TASK DESCRIPTION
Leave every picture out, and give again exactly the lines from the one containing "Plus Size Dresses" through the end of the listing.

DATA EXTRACT
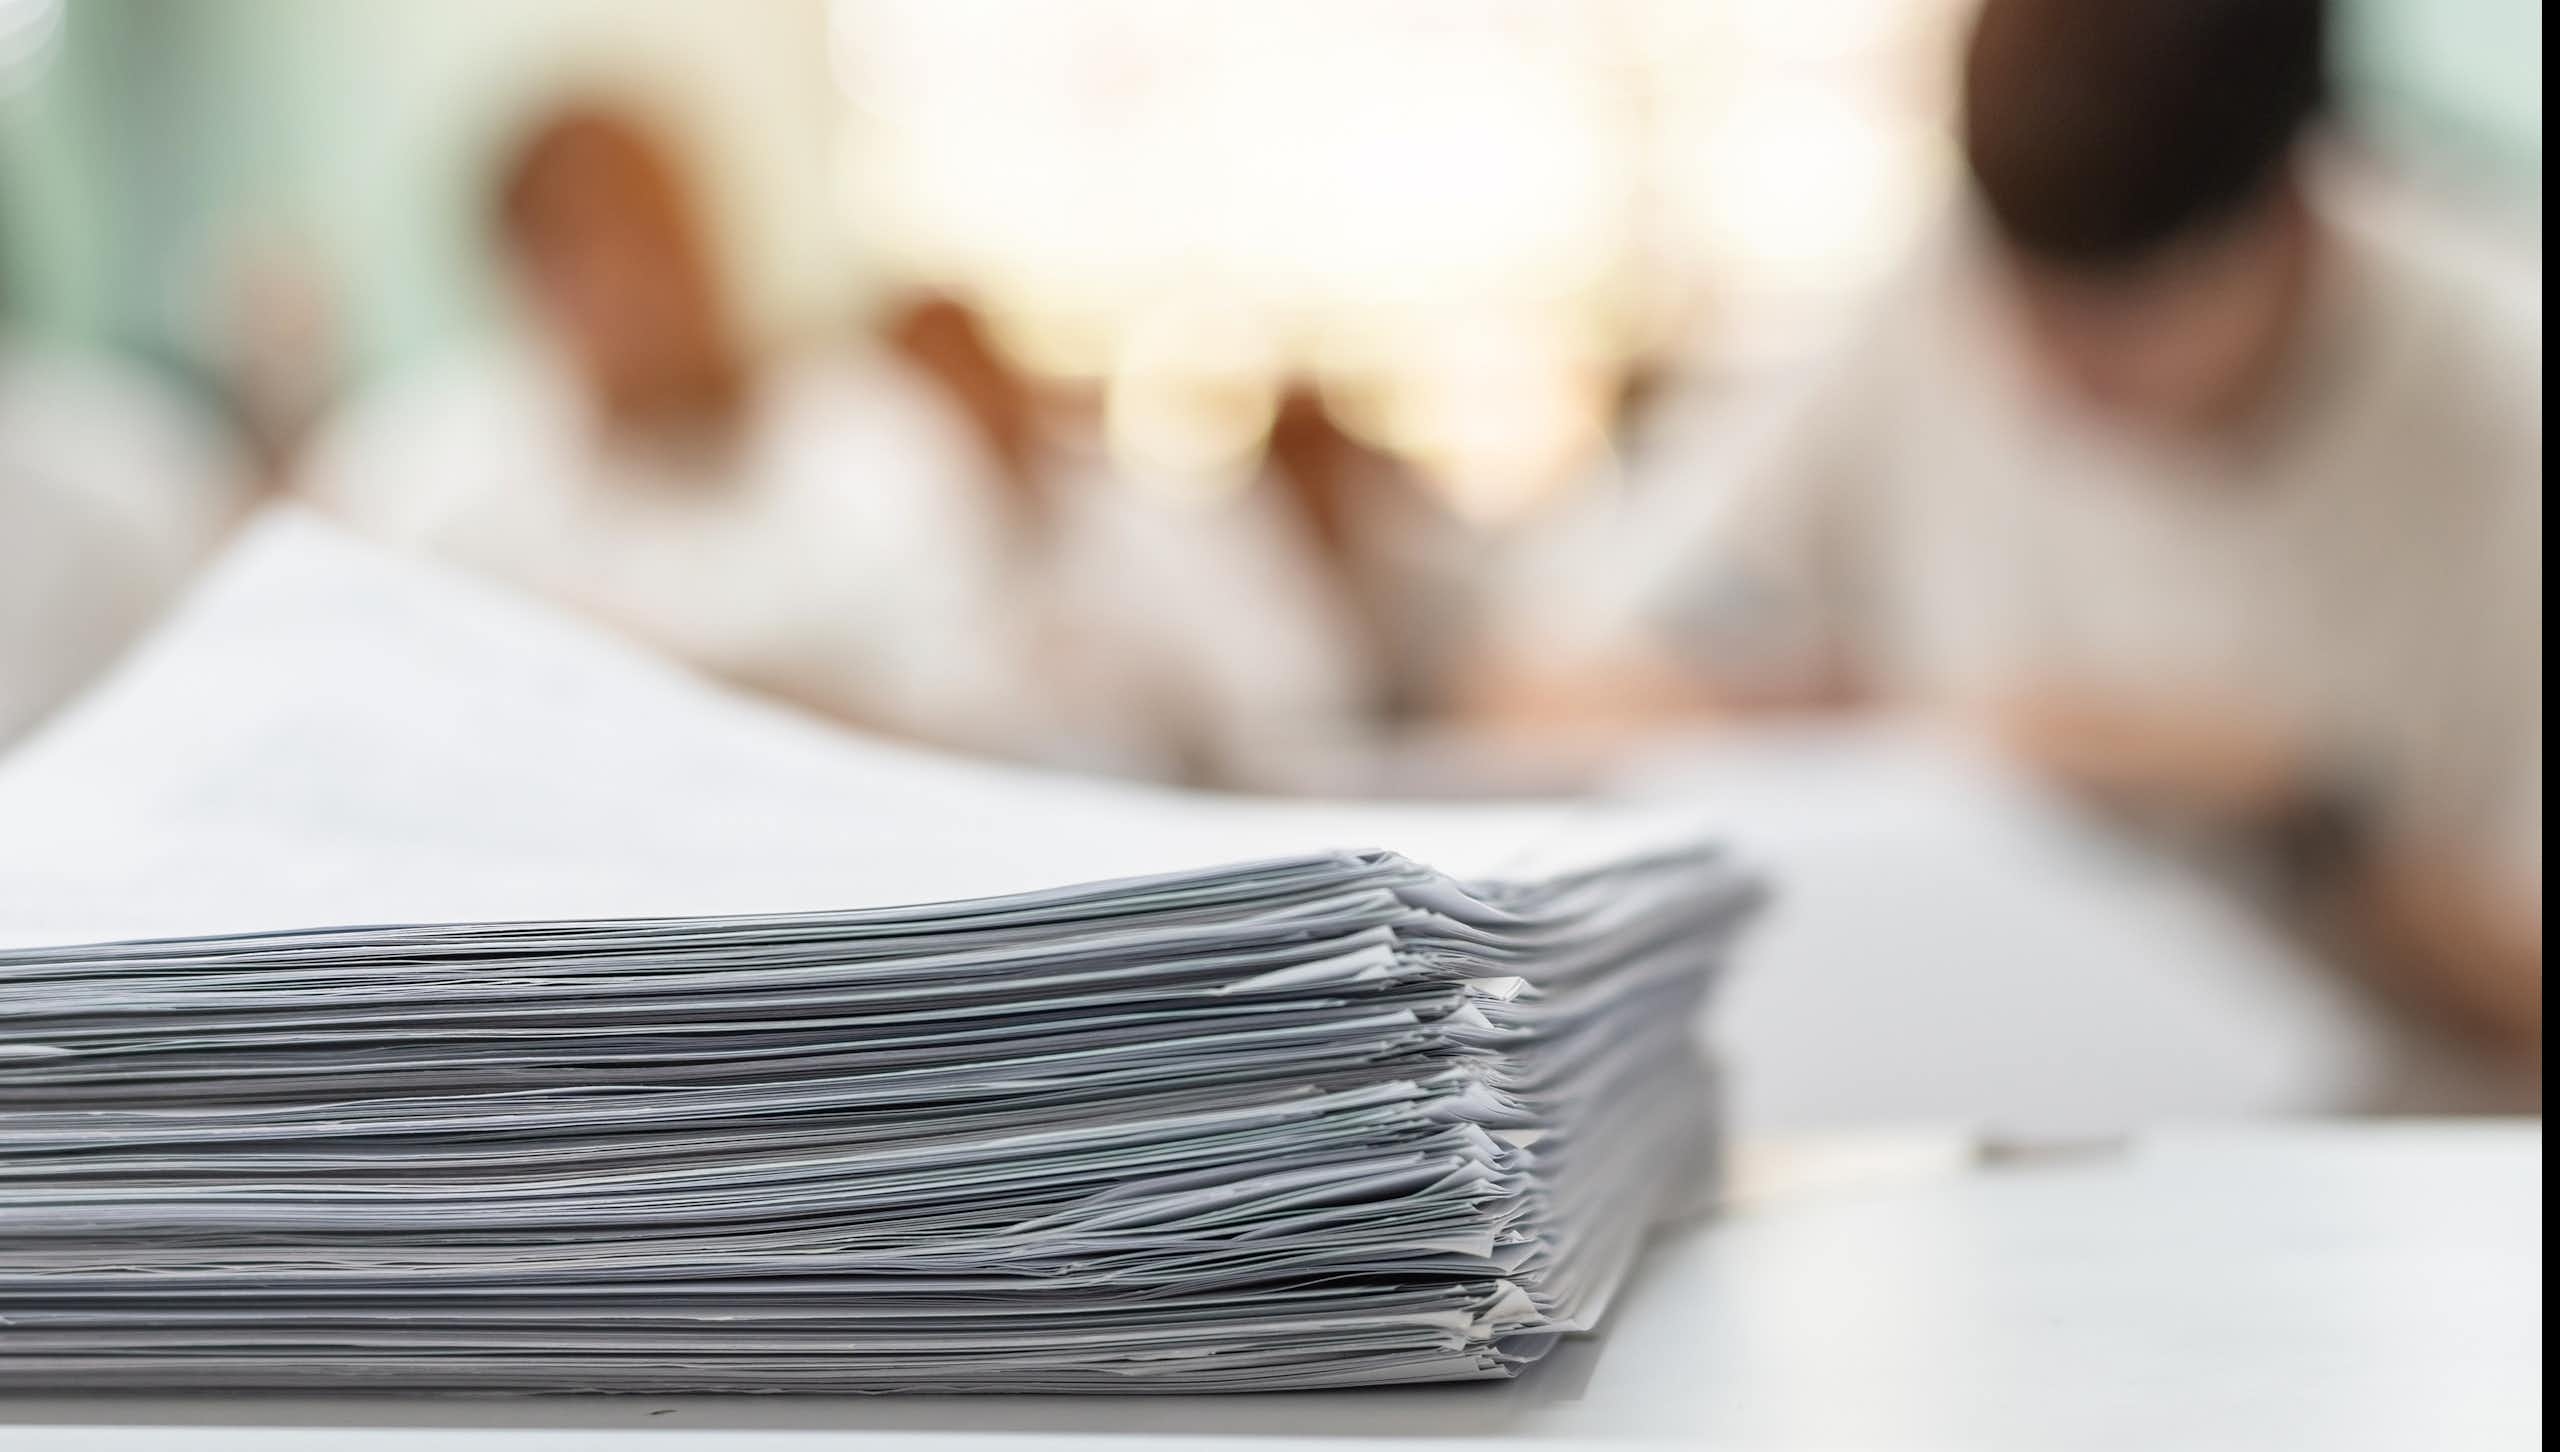 A huge pile of paperwork in the foreground with the blurred out background shows people working at desks.
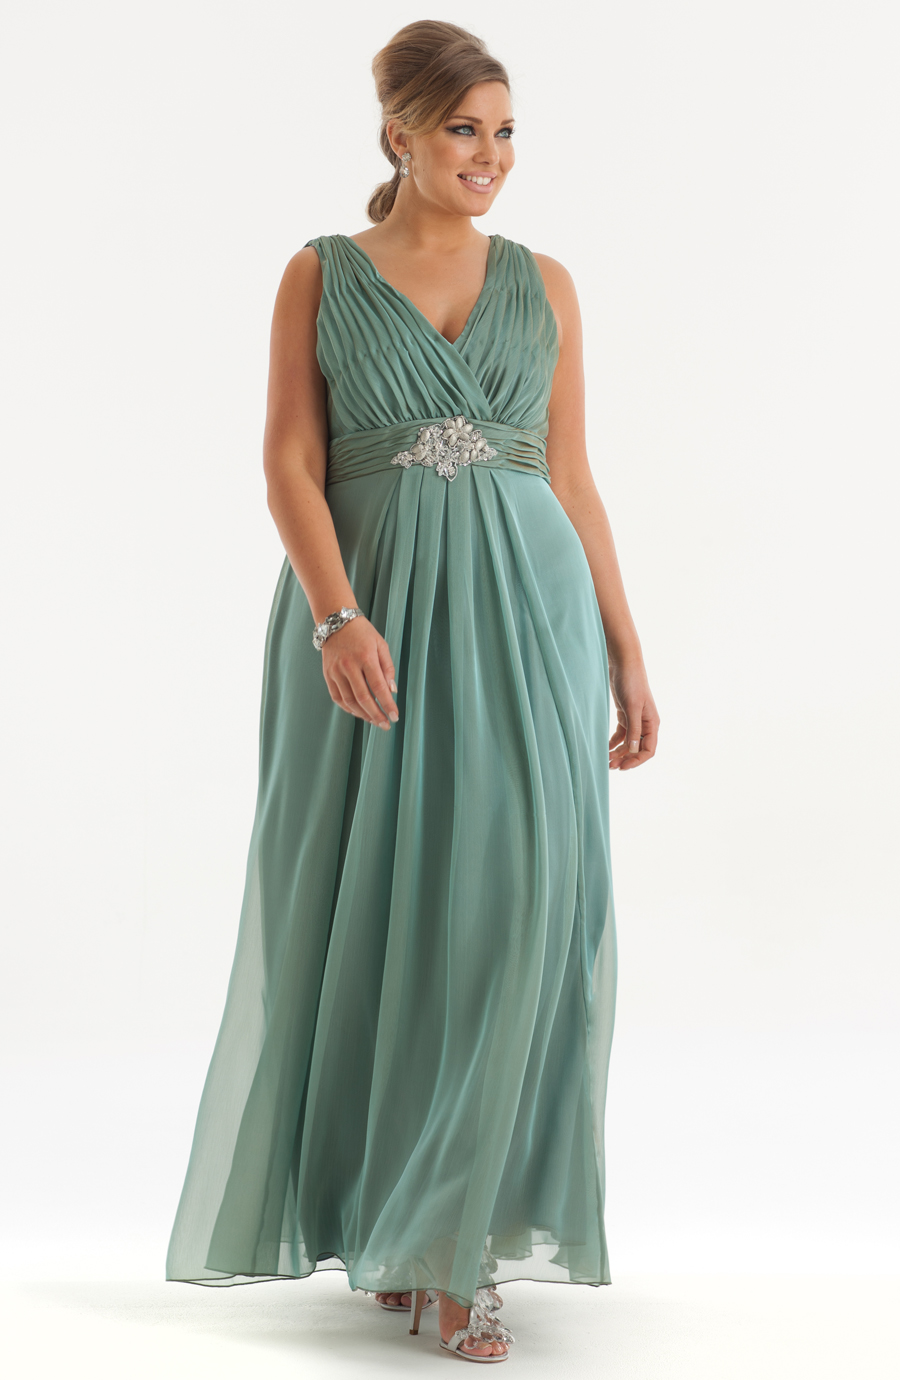 Plus Size Dresses For Night Out : Beautiful And Elegant
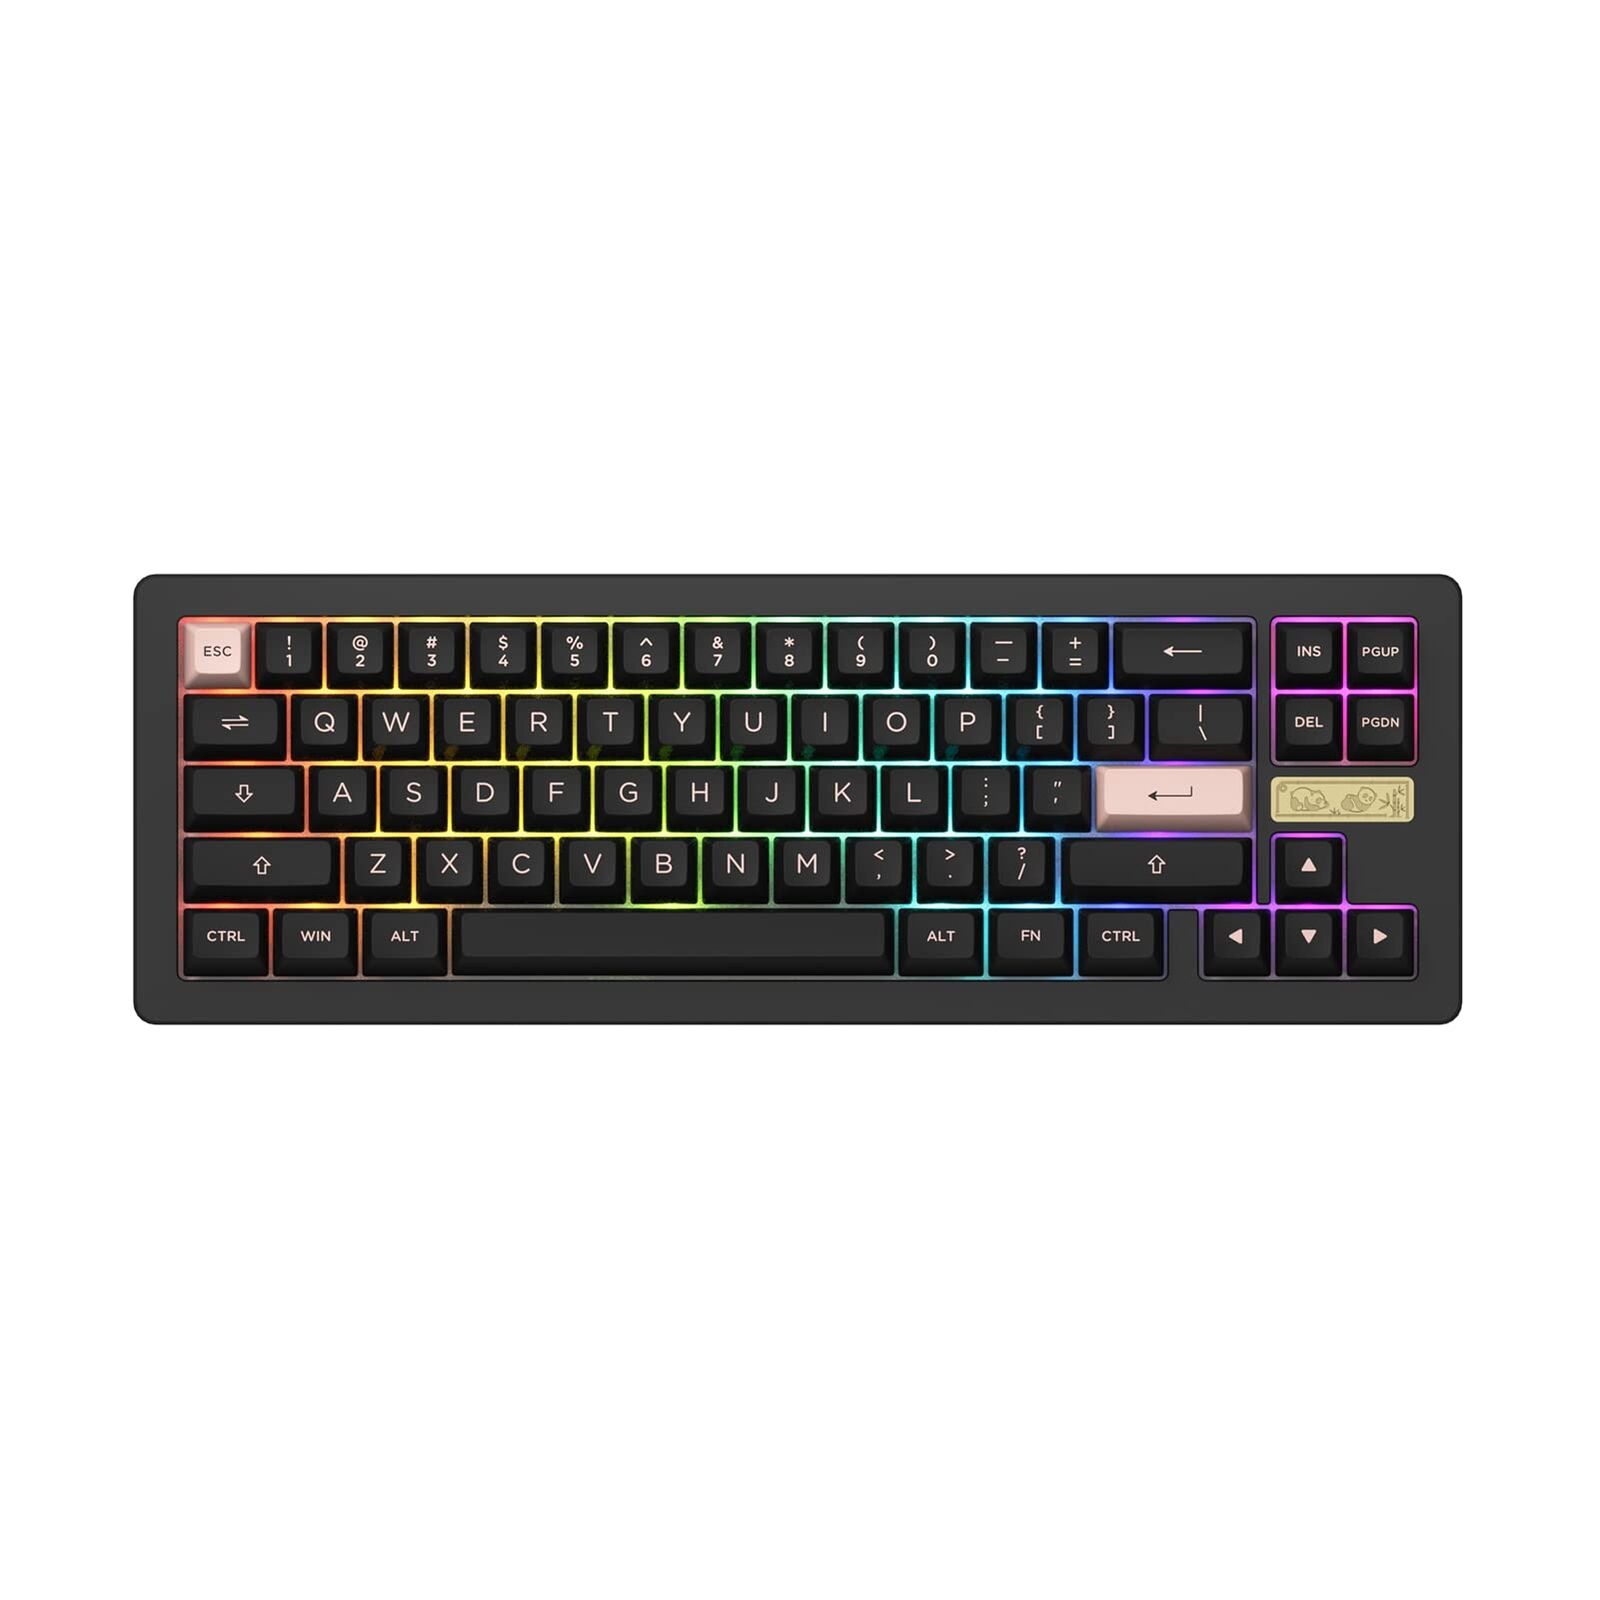 ACR Pro 68 Hot-swappable Mechanical Gaming Keyboard, 65 Percent 68-Key RGB Ba...

RESULT OF THIS EXERCISE
 Plus Size Dresses For Night Out : Beautiful And Elegant
 ACR Pro 68 Hot-swappable Mechanical Gaming Keyboard, 65 Percent 68-Key RGB Ba...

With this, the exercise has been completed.